Venezuela is rolling in oil wealth with about $46 billion in energy sales last year, and there is little risk of a financial crisis in the near term. Chavez in recent years has tried to transfer much of the wealth to the poor via welfare programs including cheap or free housing, the donation of cash and government assets to worker cooperatives and free education.

Among the most ambitious and popular programs has been the establishment of the Mercal retail chain. Since early 2003, the network of about 14,000 retail outlets mainly in poor barrios, has sold basic foodstuffs and household goods at discounts of 35% off standard supermarket prices.

Chavez has imposed price controls on a variety of goods, such as 29 basic food items produced in Venezuela including beans, cooking oil, meat and chicken. He also has imported such goods as Uruguayan pasta and Brazilian pork that are resold to the poor at greatly reduced costs, thanks to government subsidies.

But mismanagement, rampant corruption and scarcities have cut into Mercal's operations. At the same time, low prices set by the government have caused manufacturers and other suppliers either to cut production or divert output to an enormous black market.

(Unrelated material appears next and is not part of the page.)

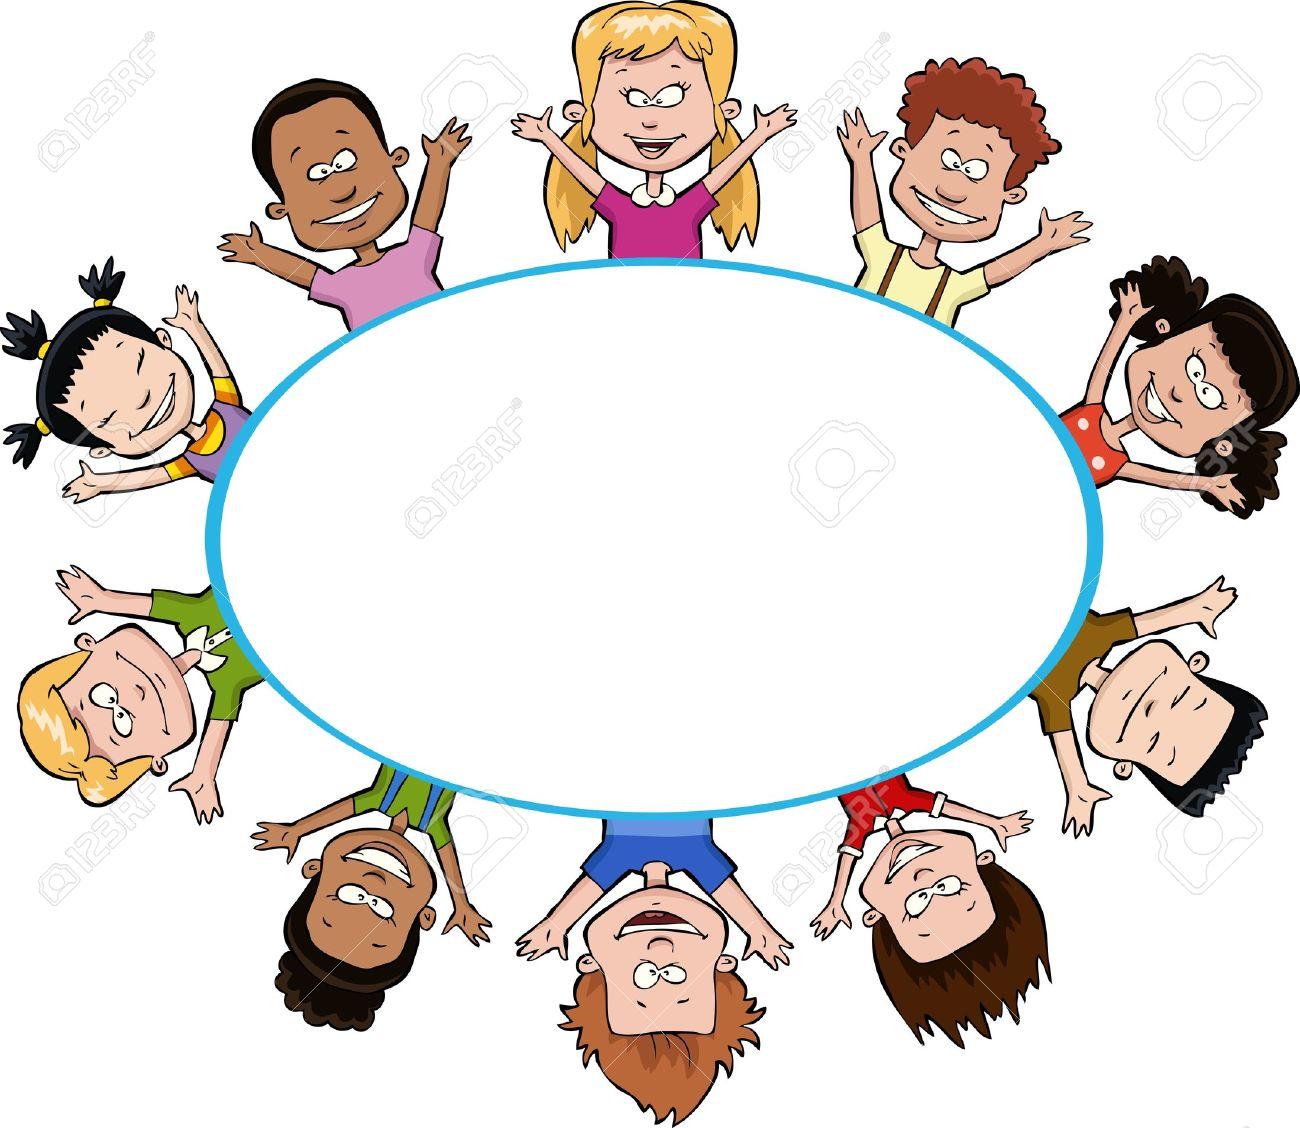 Cartoon children around the frame illustration Stock Vector - 16685613
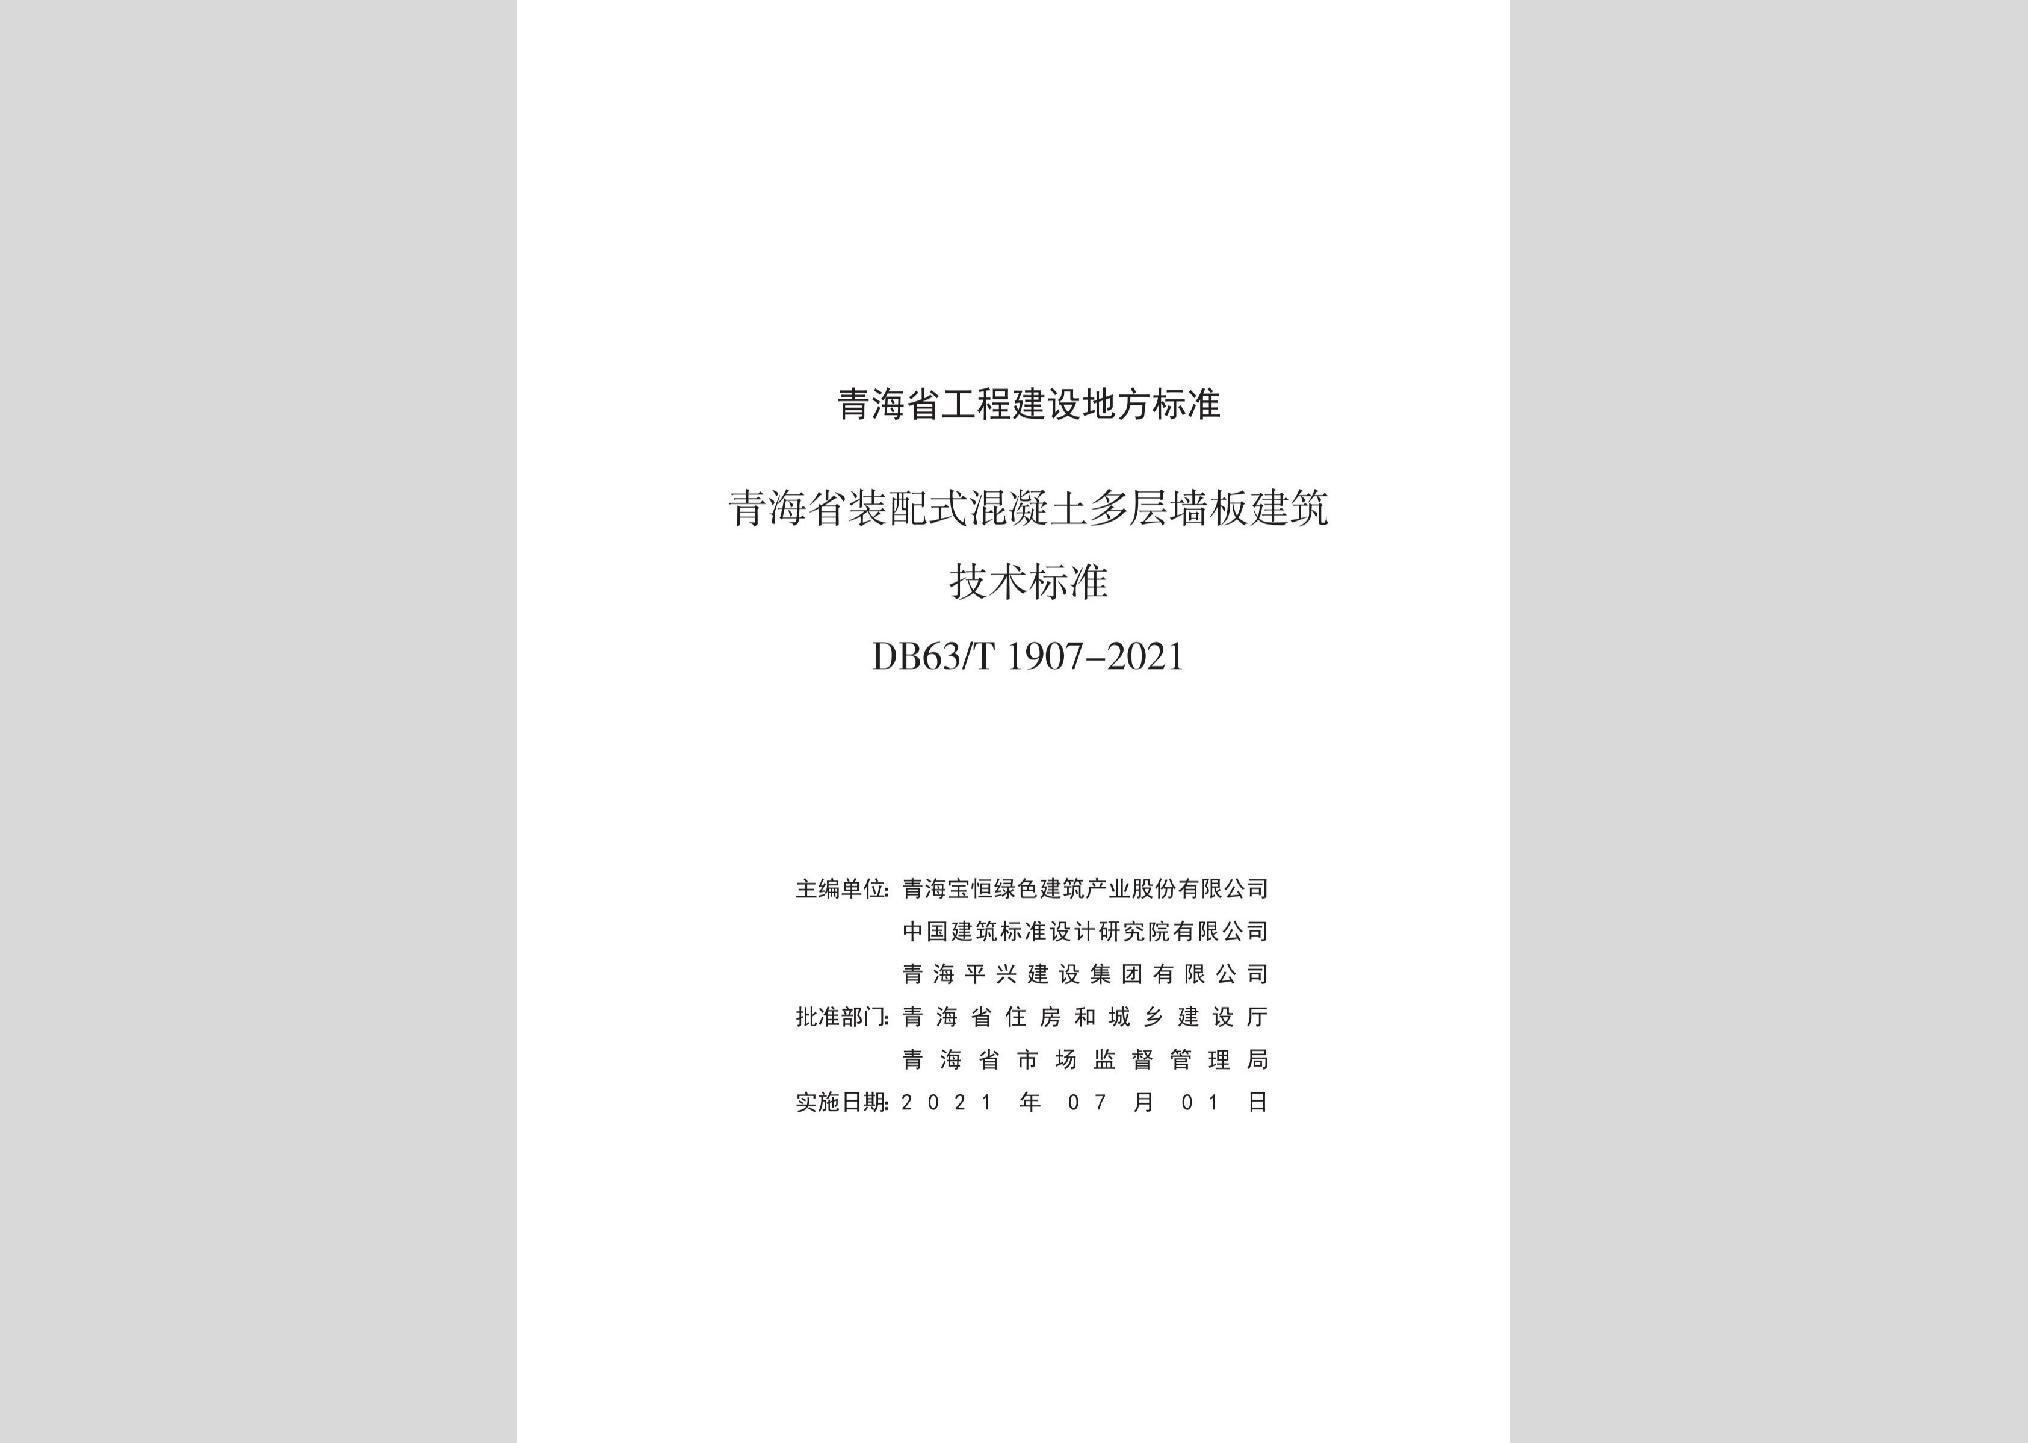 DB63/T1907-2021:青海省装配式混凝土多层墙板建筑技术标准

A recent government report found that Mercal sales in November fell in volume to half that of a year earlier and that customers were increasingly unhappy with how the stores were run and what they sold. In January, Chavez shuffled Mercal's management, expressing dismay that huge quantities of goods were unaccounted for.

"This can't be. We should be going forward, not backward," Chavez said in a Jan. 21 broadcast to the nation.

The suspicion is that much of the inventory is siphoned off before the products reach the shelves, sold either to the domestic underground market or exported as contraband to Brazil, Colombia or Caribbean countries.

At the same time, the flood of cash washing over Venezuela from oil sales has caused demand for all goods — watches and whiskey, detergent and SUVs — to climb, adding inflationary pressure. In the last week, Venezuela's central bank released figures showing that inflation rose in January to an annual rate of more than 25%, twice the national target.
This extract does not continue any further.